*** SUPPLIED DATA Section Begins ***
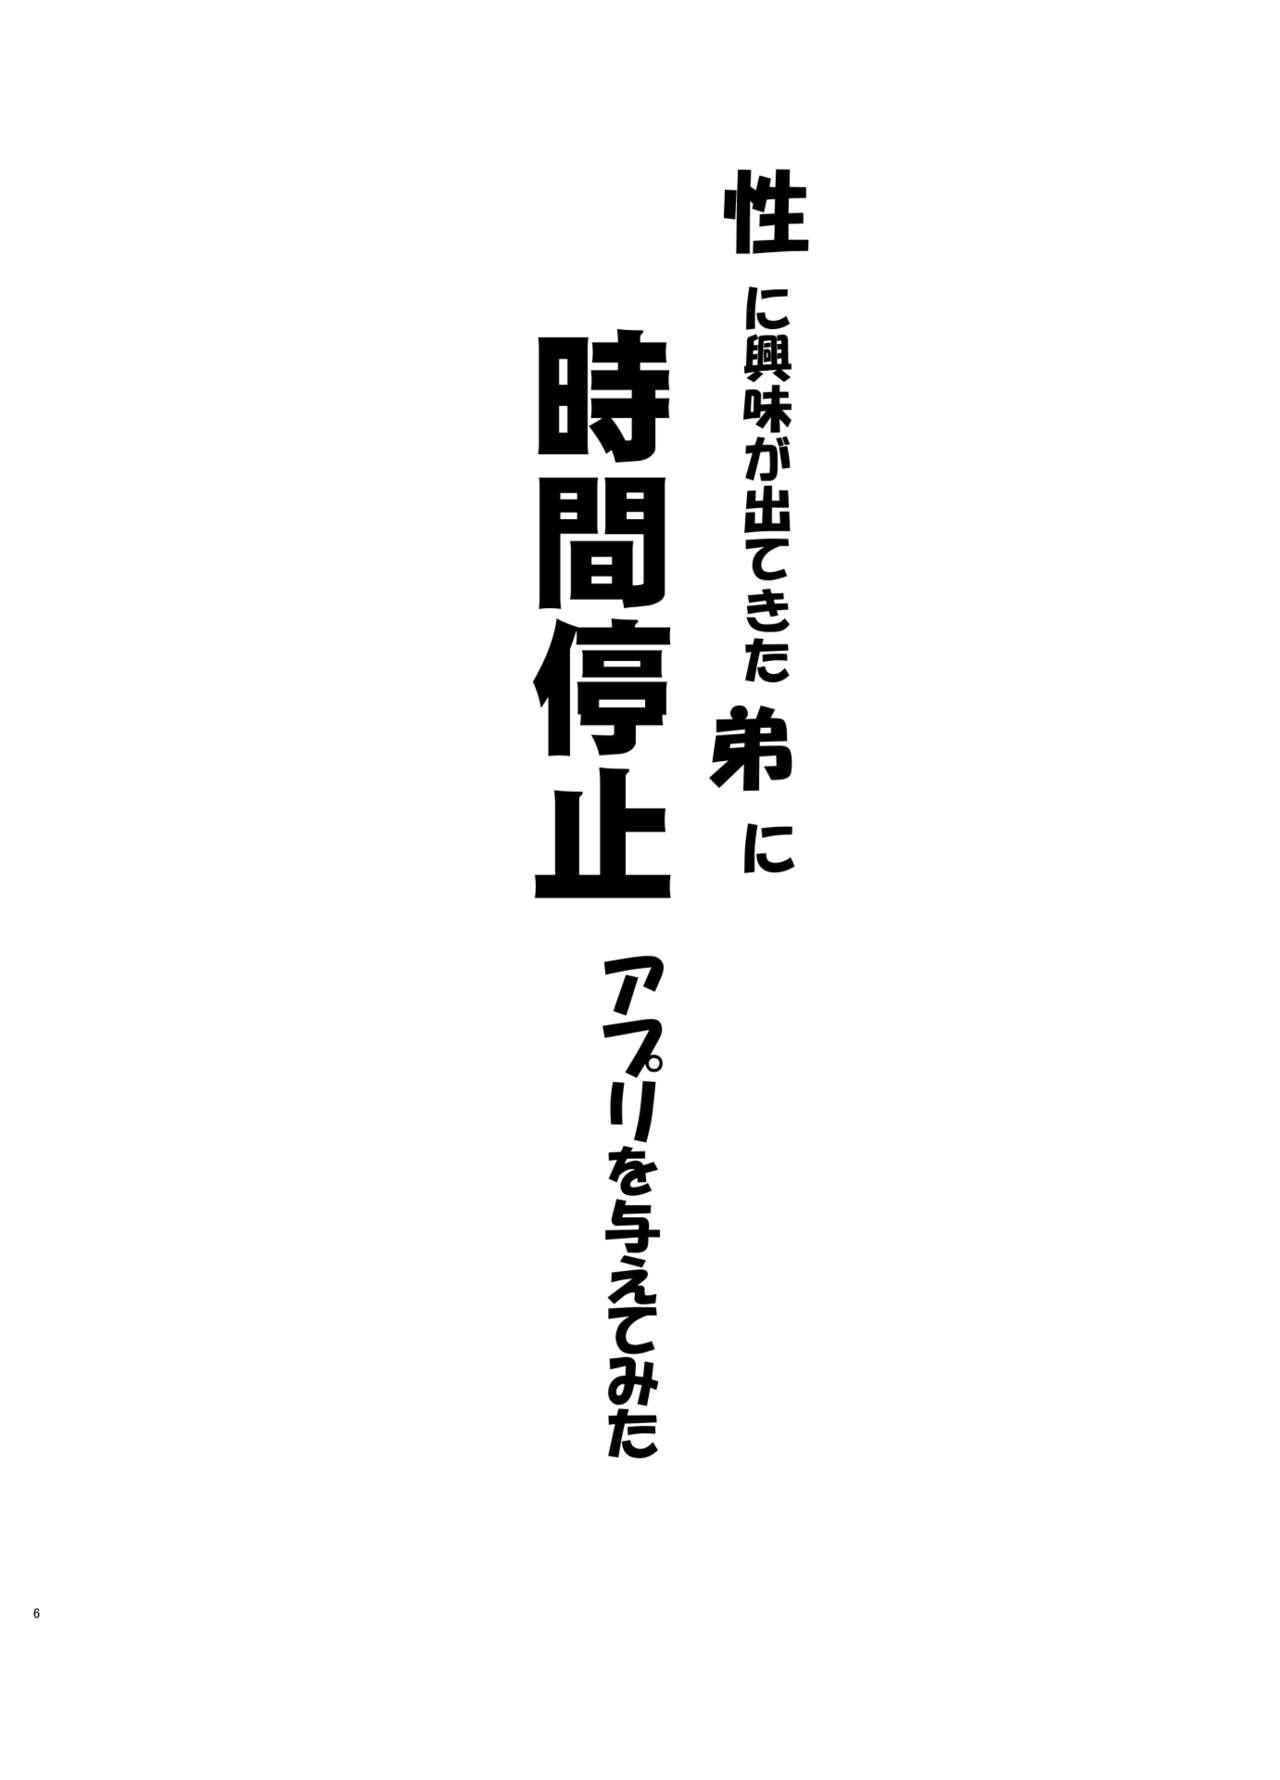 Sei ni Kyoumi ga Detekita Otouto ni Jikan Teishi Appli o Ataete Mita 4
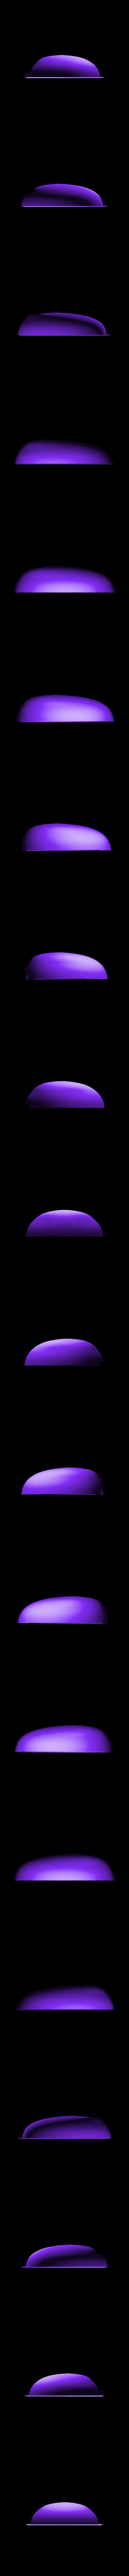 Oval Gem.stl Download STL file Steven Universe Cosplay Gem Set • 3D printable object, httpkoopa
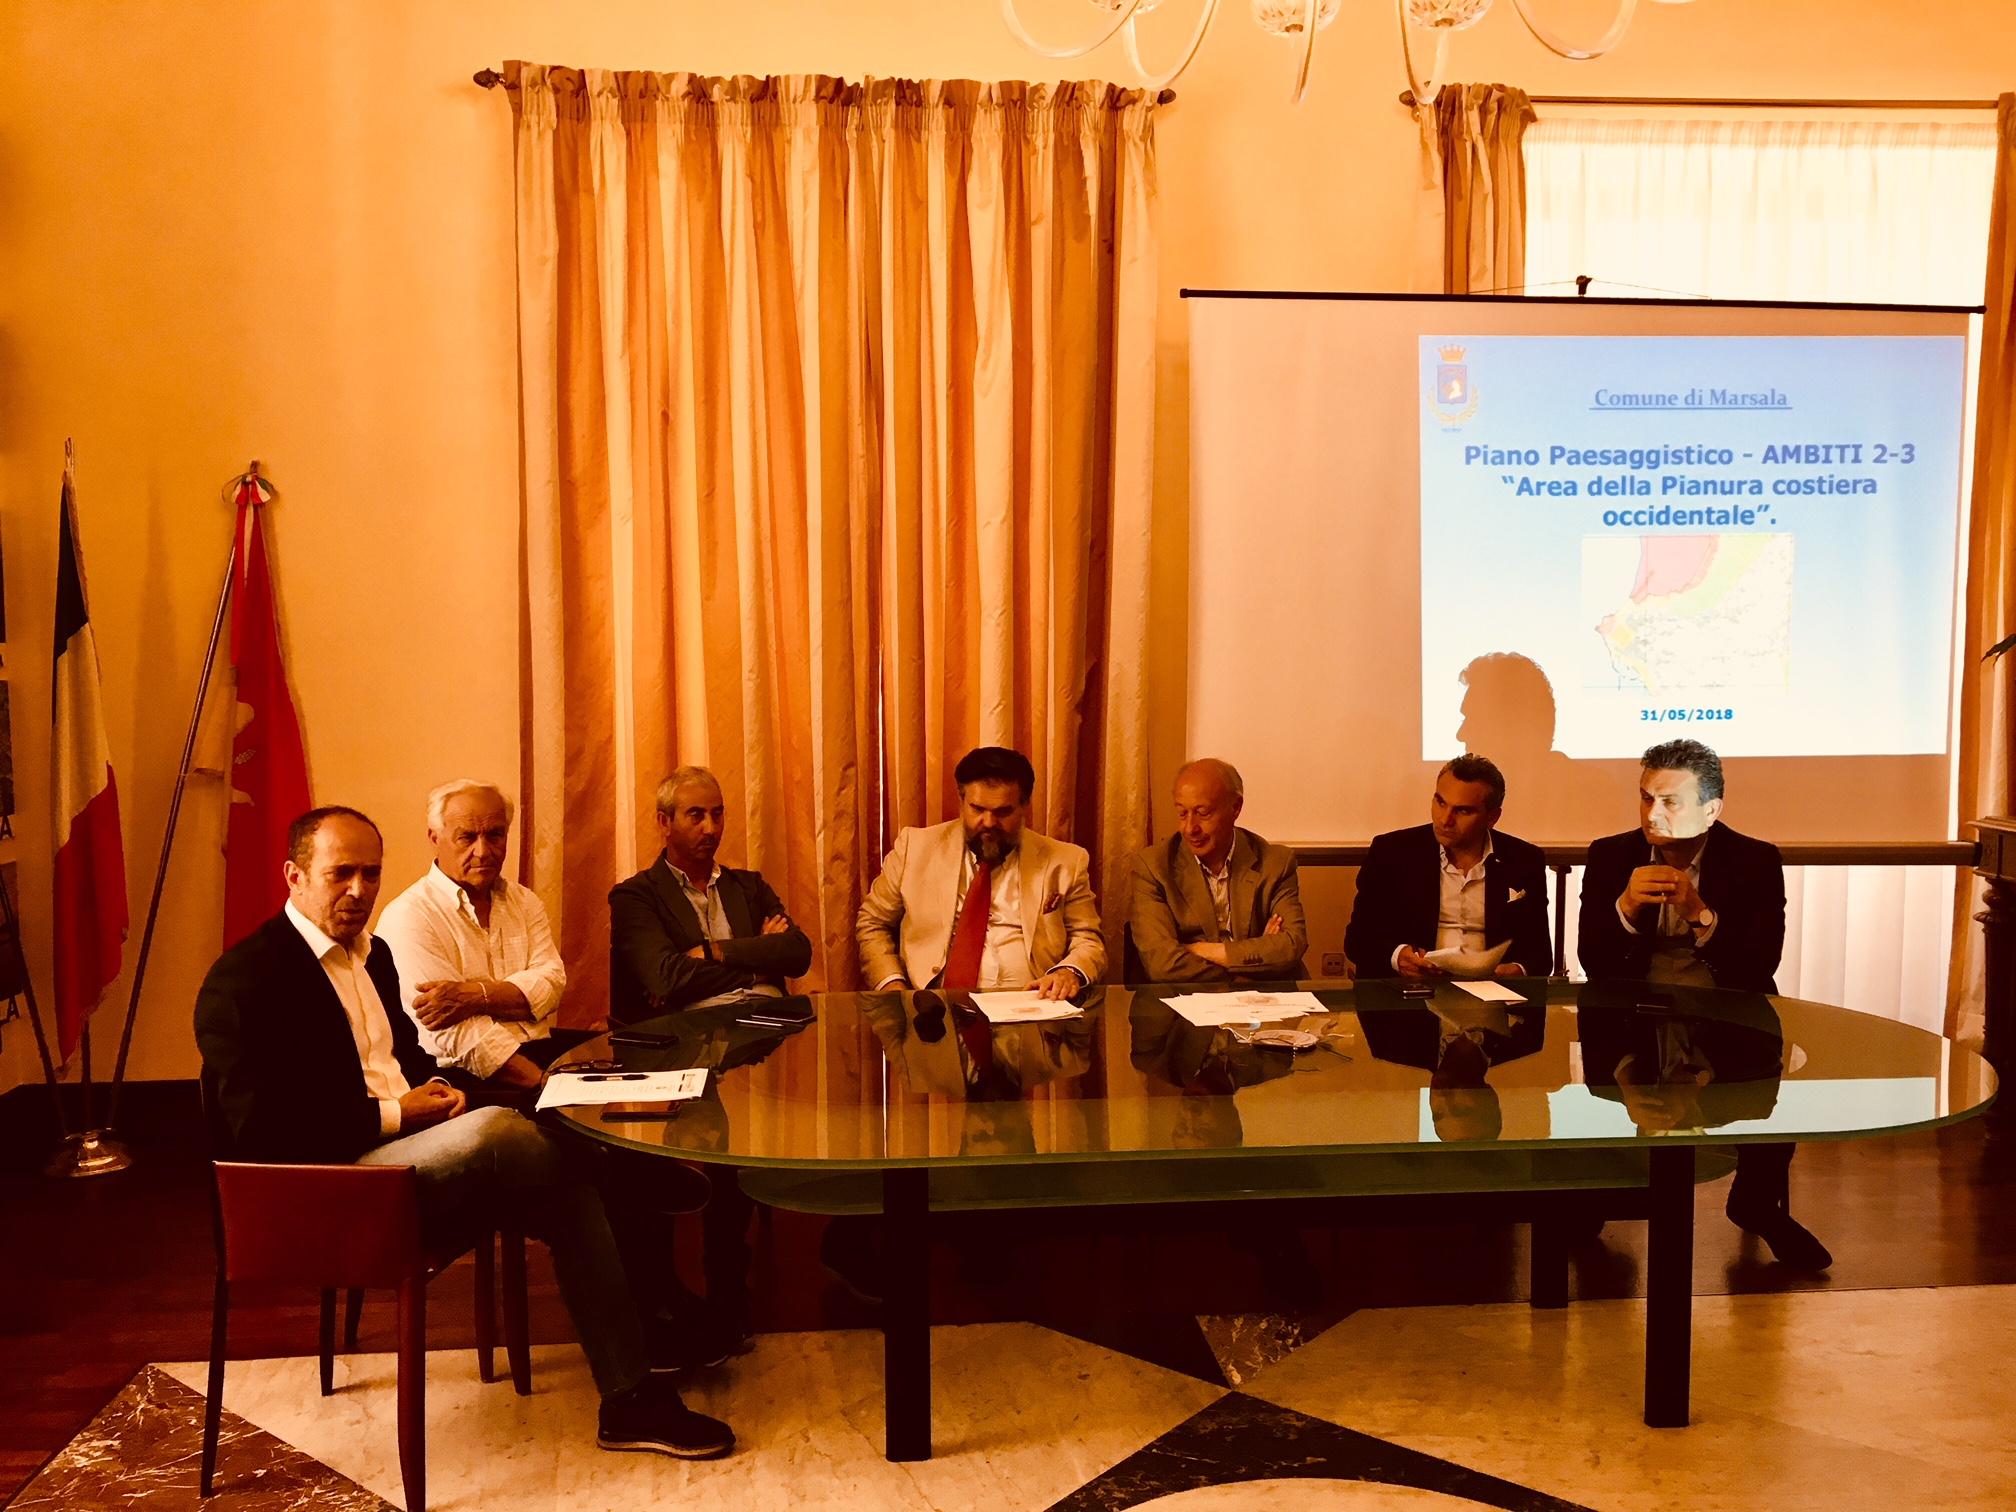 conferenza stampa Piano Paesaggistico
*** SUPPLIED DATA Section Ends ***
TASK REQUIREMENTS. Starting with the line that contains "Oval Gem.stl Download", print every line through the end of the data exactly as written; omit all pictures and add nothing else.

YOUR SOLUTION.
 Oval Gem.stl Download STL file Steven Universe Cosplay Gem Set • 3D printable object, httpkoopa
 conferenza stampa Piano Paesaggistico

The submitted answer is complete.